Mieko Suzuki & Claudia Rohrmoser, Christian Marclay

Broken Music Vol. 2_Live

 

Friday, May 5, 2023, 8:30pm

 

Mieko Suzuki & Claudia Rohrmoser
Broken Vinyl – audiovisual performance

For their audiovisual performance Broken Vinyl, visual artist Claudia Rohrmoser and sound artist Mieko Suzuki take vinyl as their common ground in order to explore the reciprocal influences of sound and image. For her sounds, Mieko Suzuki utilizes broken, or prepared records, turntables, effects pedals, and various props. Always aiming for unexpected sonic moments, she creates dynamic, slowly evolving, bass-driven sound textures rooted in both advanced electronic music and the noise scene. Claudia Rohrmoser transforms images of Mieko’s “taped” records and vinyl fragments into a lucid visual universe. She explores the characteristics of the specific forms and surface structures of the vinyl, generating from these dynamic virtual spaces. The animations are created by spinning digital images at different speeds – just like vinyl spinning on a turntable. (Photo: Noam Gorbat)

 

Christian Marclay
Record Players (1982) – ensemble performance with records
Performer: Audrey Chen, Anna Clementi, Werner Durand, Mazen Kerbaj, Chico Mello, David Moss, Andrea Neumann, Natalia Pschenitschnikova, Michael Vorfeld, Ute Wassermann, Christina Wheeler

The medium of the record, in all its various appearances, stands at the center of the early work by Swiss-American artist and musician Christian Marclay.
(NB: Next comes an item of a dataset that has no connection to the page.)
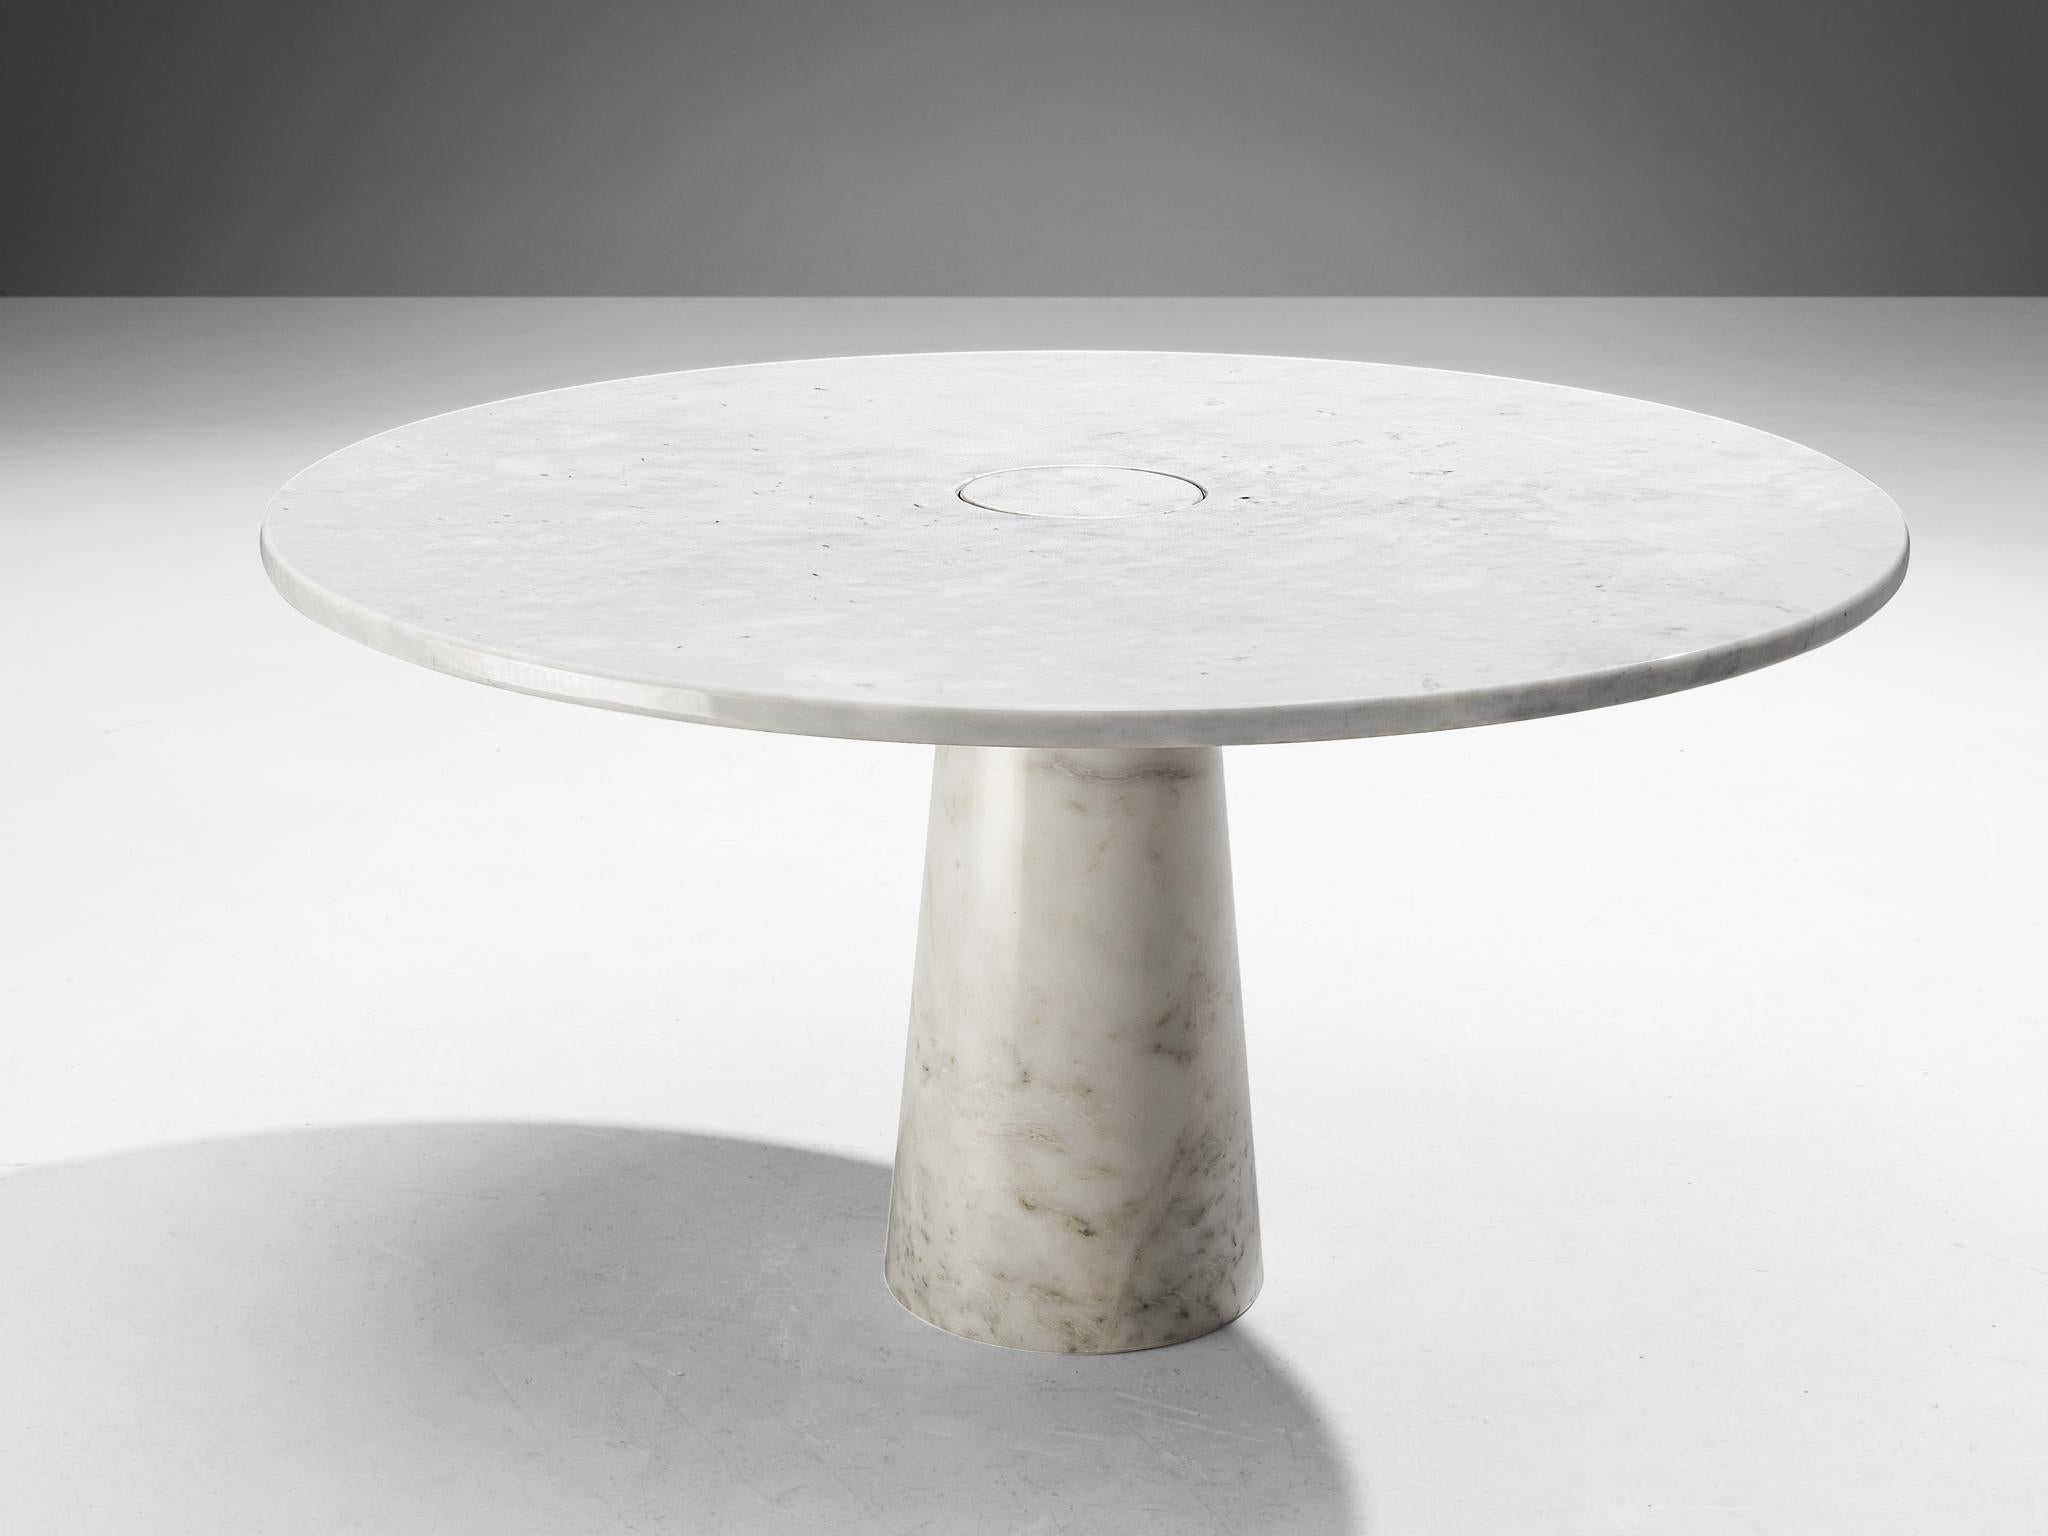 Angelo Mangiarotti for Skipper, dining table ‘Eros’, Carrara marble, 1970s

This sculptural table by Angelo Mangiarotti is a skilful example of postmodern design. The table is executed in white Carrara marble. The round tabletop features no joints

With his actionist, Fluxus-inspired performances in the late 1970s, as well as his later record-objects and vinyl and CD installations, Marclay is among the most significant pioneers of “turntablism” – the art of playing with records. Vinyl and shellacs (purchased for the most part at second-hand shops) and other objects that can be played with record needles were manipulated, assembled, mixed, misused, fractured, and glued back together. With the help of up to six and sometimes more commercially available turntables, he deconstructs the myths and fetishes propagated through everyday culture and the entertainment industry by way of records and sound transmission devices, in a manner at once highly musical, ironic, and radical. Concluding the Broken Music Vol. 2_Live performance series, this acoustic performance, featuring an ensemble of performers from the Berlin scene, is a re-enactment of Record Players, first performed in New York at The Kitchen in 1982. (Photo: Paula Court)

Of his performances with records Marclay has said: “I act against the fragility of the record in order to free the music from its captivity”.